I say it over and over again, whispering it to my frantic, longing, fearful soul, hoping the truth will stick just a moment longer this time.

There is enough love. Enough worthiness. Enough intimacy. Enough presence. There is daily bread for our relationally desperate hearts. There is enough.

But we are scared, jealous, prideful, selfish, fallen. We are fully invested in the “kingdom of scarcity” and to divest would demand faith, humility, creativity and sacrifice. 

The most wonderful gift of my singleness is these friendships, because I know if I had married young, I would have missed this.
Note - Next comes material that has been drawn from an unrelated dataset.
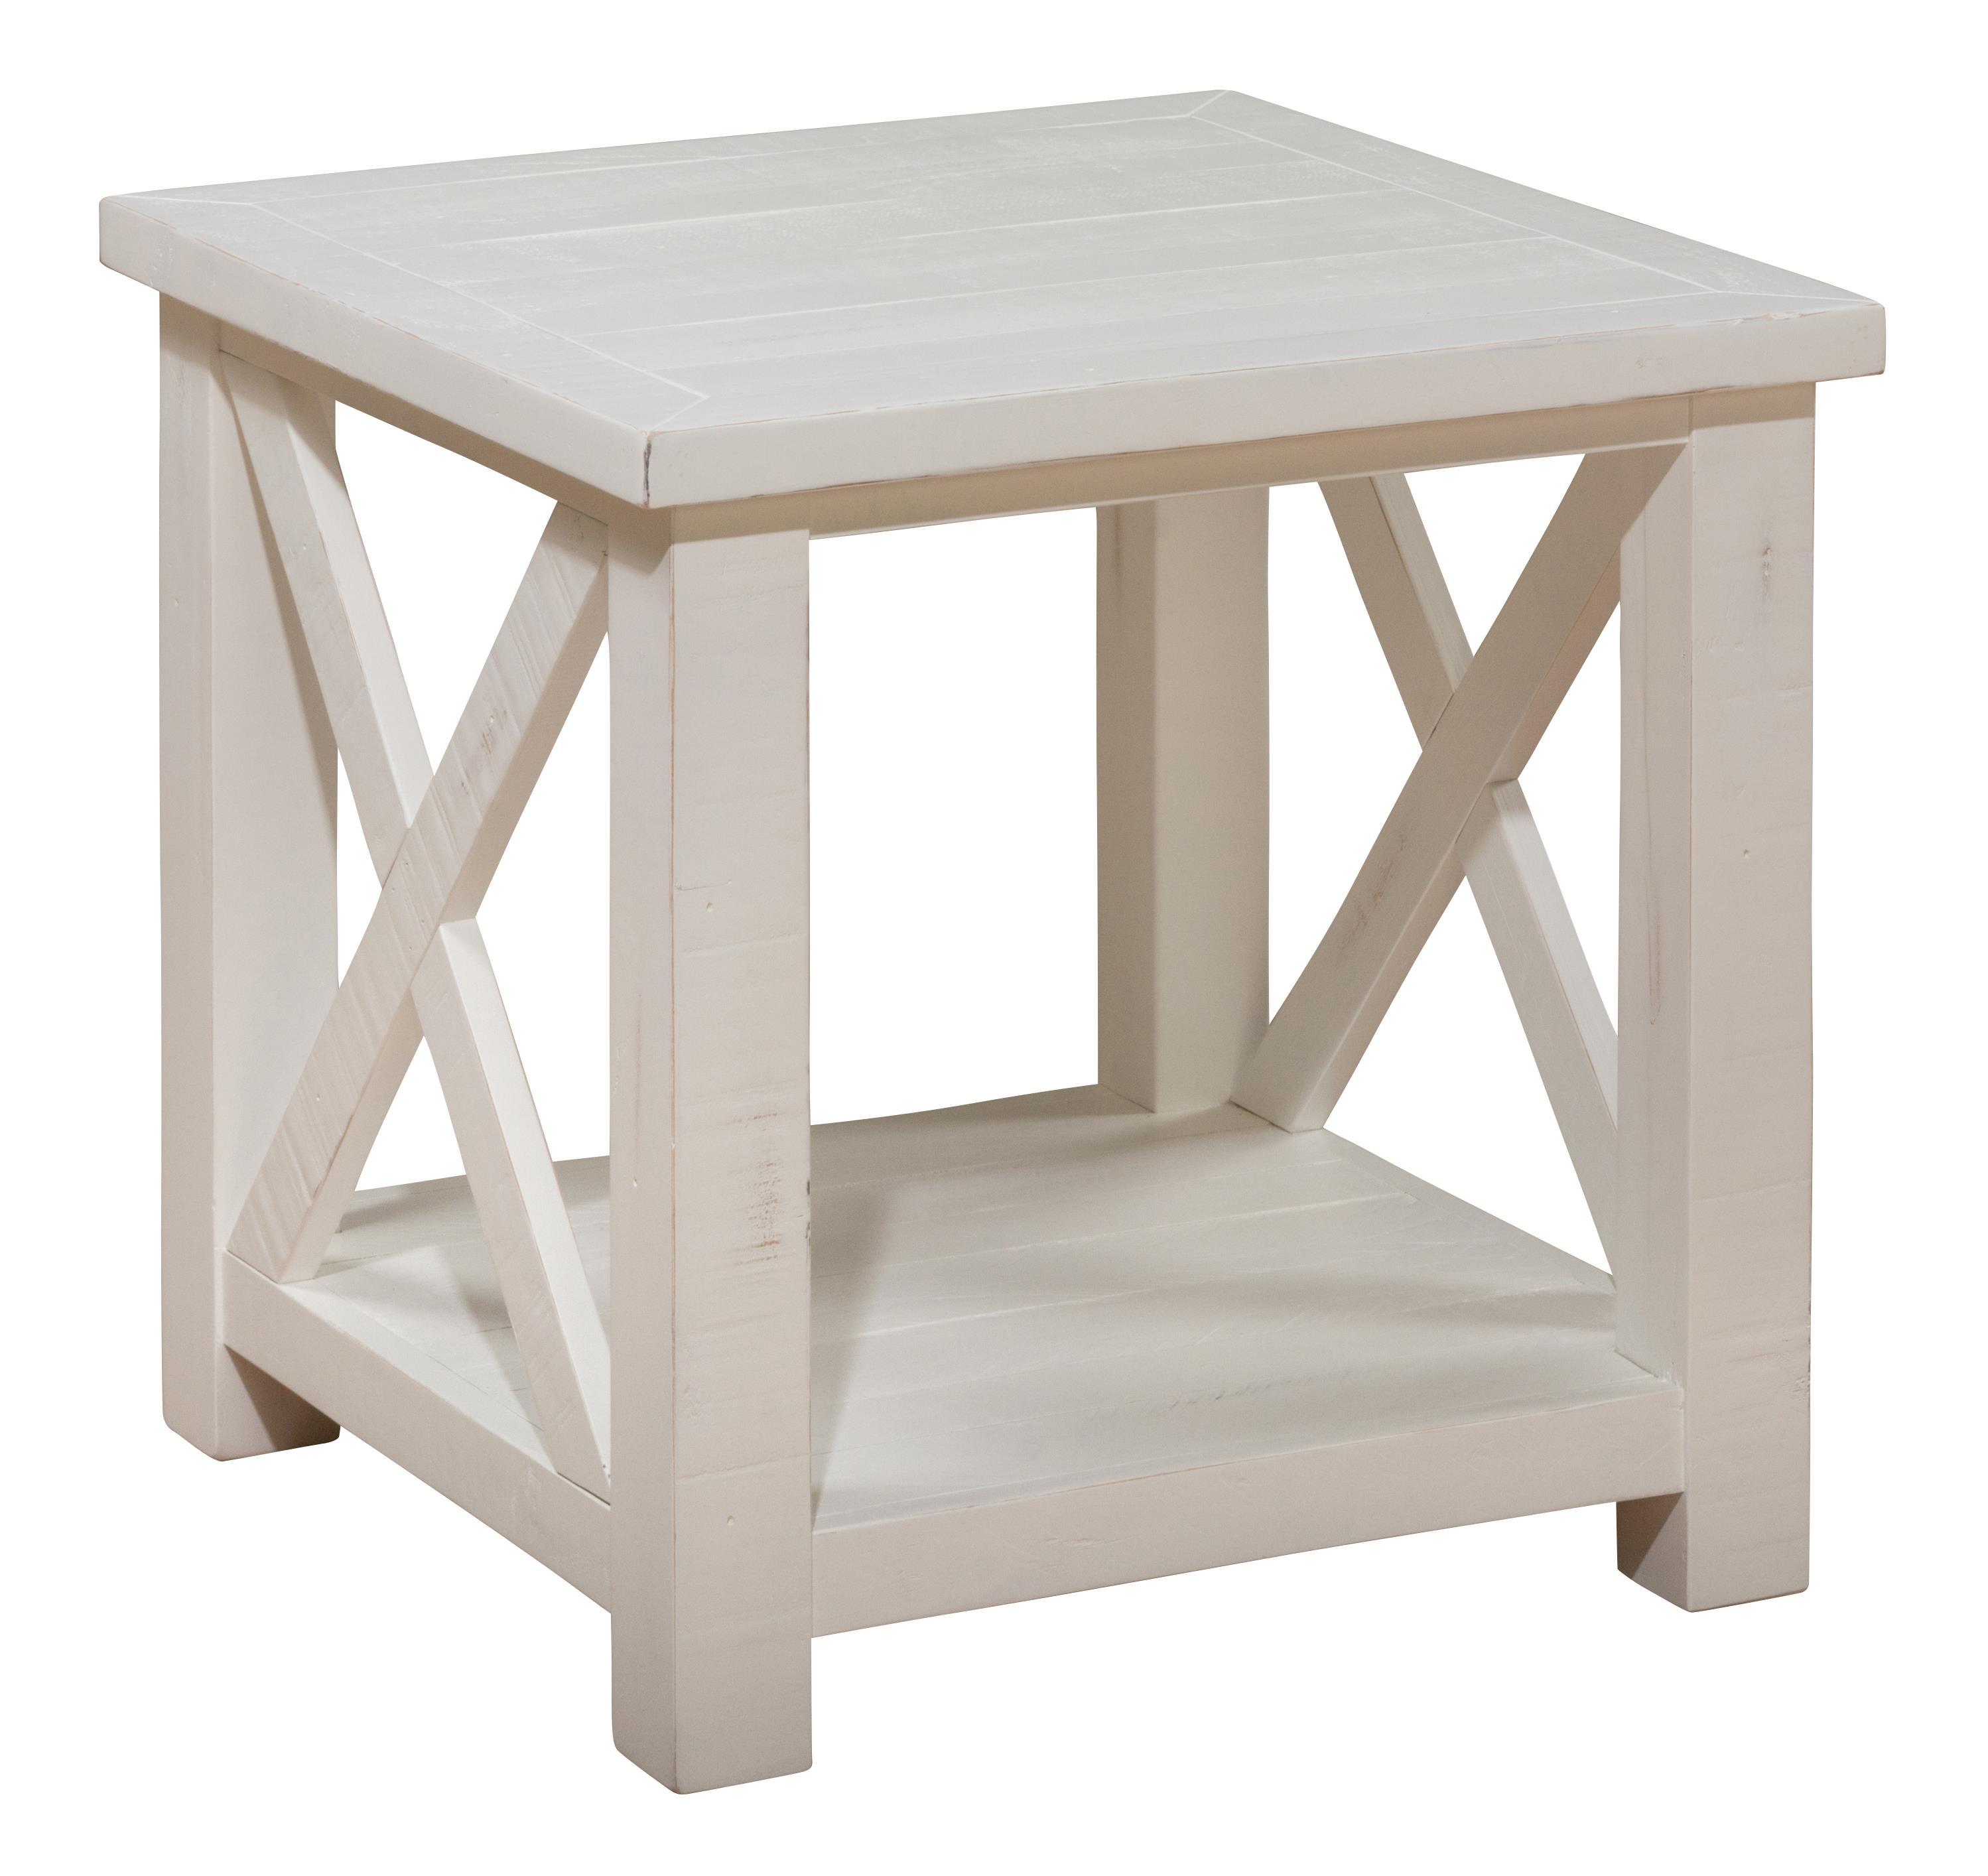 Madaket Reclaimed Pine End Table by Jofran at Johnny Janosik

I would have wrapped myself up so completely in the ultimate relationship, the ideal, the formula, that I would have had no capacity to see and be seen by these women.

However painfully unwanted this cracking open of singleness has been, it is in that open, tender, fragile heart that I have found the joy of deeply committed friendships, friendships that are in no way “second” to marriage or motherhood. Daily my dear friends and I are blowing up the false rankings, the black and white narratives, the competition that never needed to exist. We are standing up to the kingdom of scarcity, while being good wives, loving mothers, faithful singles, and screaming at the top of our lungs, “There is enough!’

Because this love. This knowing and being known. This presence. This commitment. And it’s not for the lucky few. It’s for us all.